Sunday, July 6, 2014

Barry Gibb: The Last Brother part 1

Barry Gibb: The Last Brother

Gibb looks back on the monster hits, the long-simmering feuds and the tragedy of life as a Bee Gee

                        

Barry Gibb
Peter Yang
By Josh Ells
 
July 4, 2014 9:00 AM ET
A couple of Decembers ago, back before he had any idea he'd be launching his first tour in 15 years, Barry Gibb sat at home in Miami, watching Fox News on his couch. Rep. John Boehner was talking about the fiscal cliff. Gibb was flat on his back in white gym socks, his dog Ploppy
at his side

"Taxes," the former Bee Gee muttered. "I've set aside 40 percent in a tax account since we started. All the money I see is mine." On the floor next to him, an oscillating fan blew back and forth, gently disturbing what was left of his snowy mane. Gibb sighed and changed the channel.
Gibb's wife, Linda, was in the next room, wrapping a mountain of Christmas presents for their five children and seven grandchildren. But Gibb wasn't feeling very festive. In fact, he was depressed. Seven months earlier, his younger brother Robin had died after a long bout with cancer. He was preceded in death by his twin brother, Maurice, as well as their brother Andy and their father, Hugh. "All the men in my family are gone," Gibb said. "The last few months have been pretty intense." Recently, a German TV crew had come to film an interview with him, and the encounter left Gibb shaken. "They were just nasty," he said. "They were holding up pictures of Robin and me, trying to get a reaction. There was no sensitivity about the fact that I'd lost my brothers."

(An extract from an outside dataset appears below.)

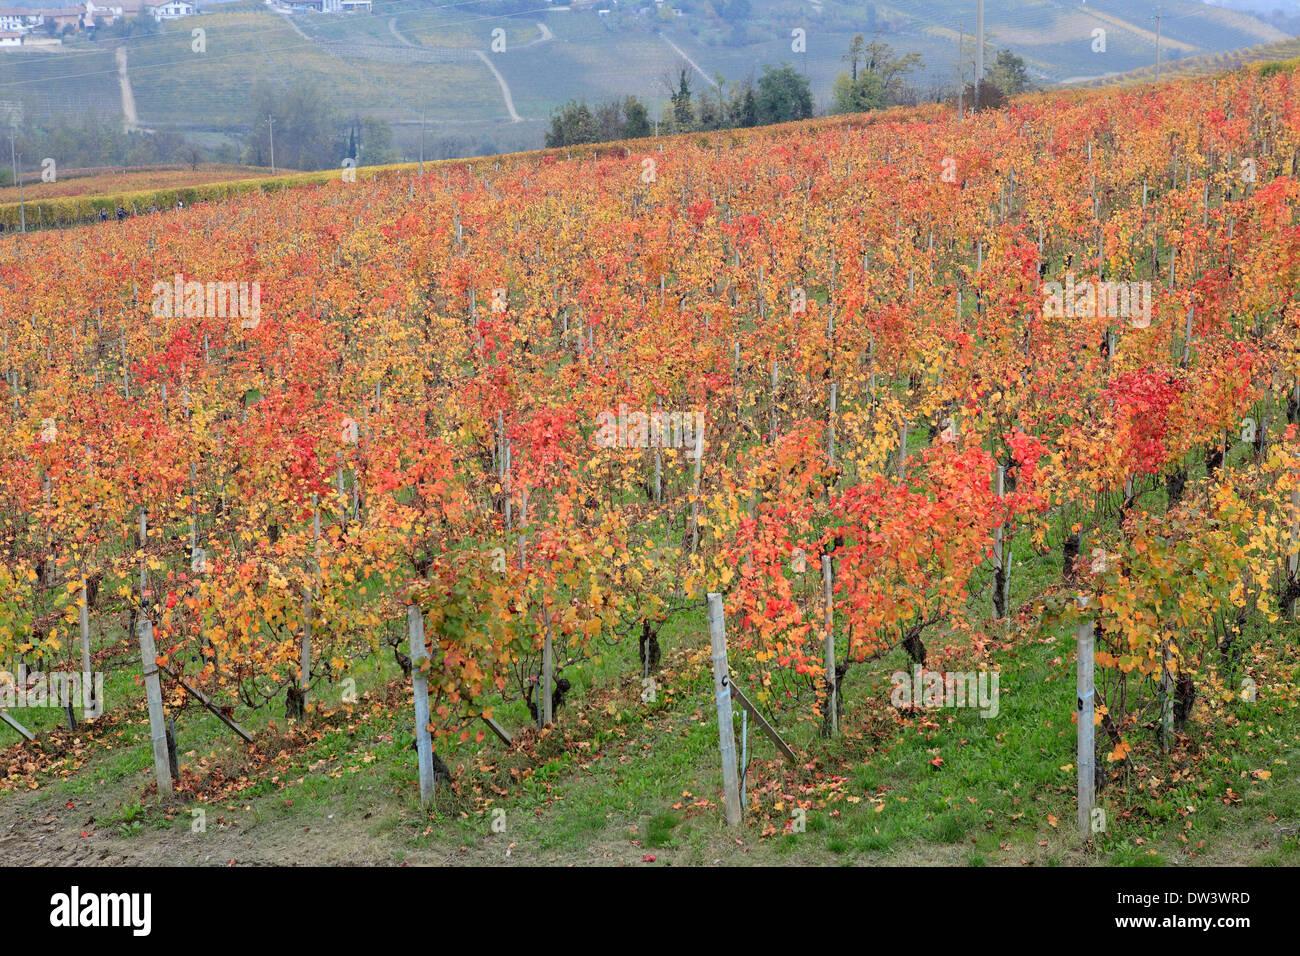 Farm winery vineyard in the Langhe region, Piedmont, Italy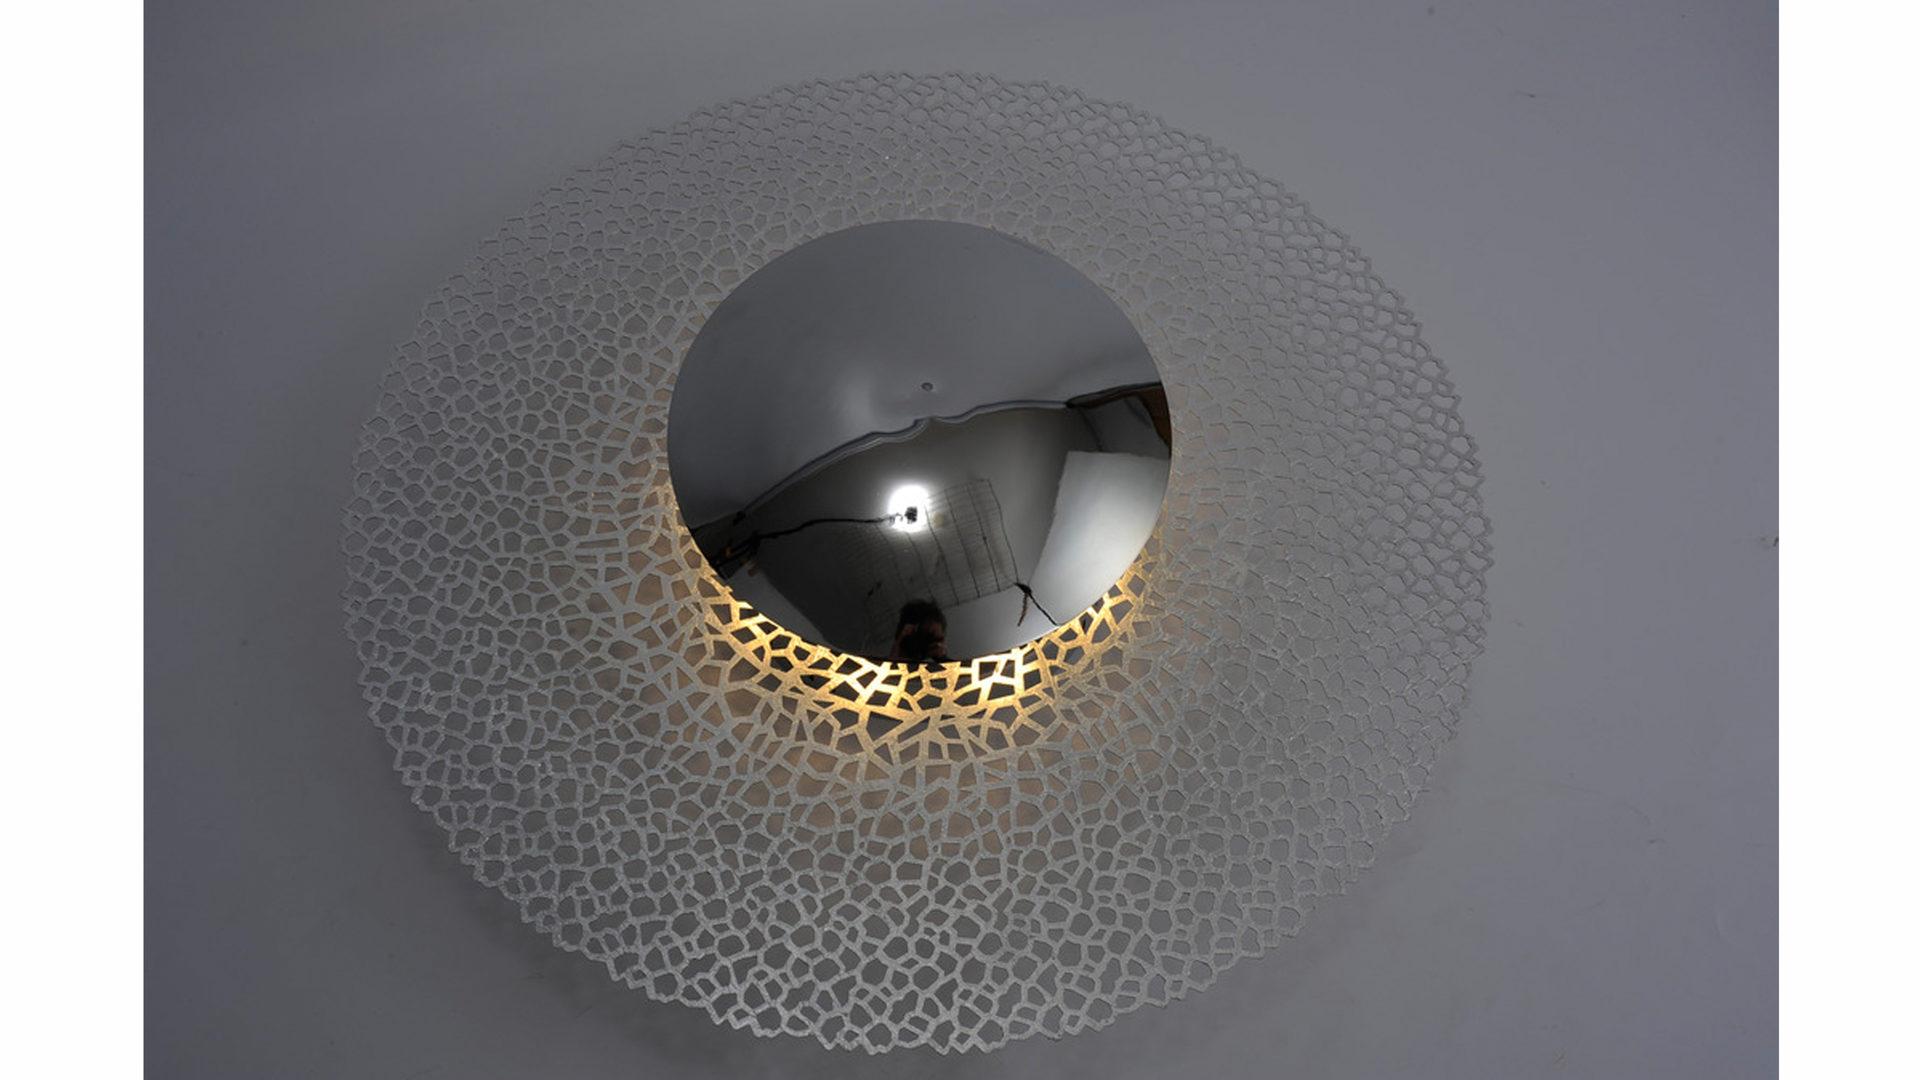 Fabulous Möbel Bernskötter Mülheim, Räume, Wohnzimmer, Lampen + Leuchten &TL96

Thirty-five years ago, Barry, Robin and Maurice Gibb – better known as the Bee Gees – were the most popular band in the world. Their Saturday Night Fever soundtrack – the ne plus ultra of mainstream disco – knocked Fleetwood Mac's Rumours off the top of the charts and stayed there for six months straight. They've sold more than 200 million records; as the Rock and Roll Hall of Fame put it, at the time of their induction in 1997, only Elvis, the Beatles, Garth Brooks, Michael Jackson and Paul McCartney had sold more. They're the only group in history to have written, recorded and produced six consecutive Number One hits. "We weren't on the charts," Maurice once boasted, "we were the charts."
And then, just like that, they weren't. America decided that disco sucked, and the Gibb brothers went from icons to punch lines overnight. Andy passed away, then Maurice. Now that Robin was gone, Barry was the only one left.

Robin and Maurice's birthday was in three days, and Gibb was going through photos from their childhood, picking out some of his favorites. "Our group has always gotten criticism without anybody really knowing us," he said. "I'll respond to every question you ask."
We made plans to meet again in two days. But that night, I got back to my hotel and had a message from Gibb.
I called him and asked if everything was OK. "I'm fine," he said. "But I don't want to continue. I'm just really uncomfortable with having my life opened up right now. I'm still grieving. I'm still dealing with the fact that I've lost all my brothers. It's just horrible for me. It's horrible for me inside."
"I like you," Gibb went on, "and I think that you like me. And at some point we can do this. But right now, I'm just too fragile, it's one day at a time." He hesitated, searching for the right words. "I'm just not whole enough," he said. "I pray that you understand." And then he hung up.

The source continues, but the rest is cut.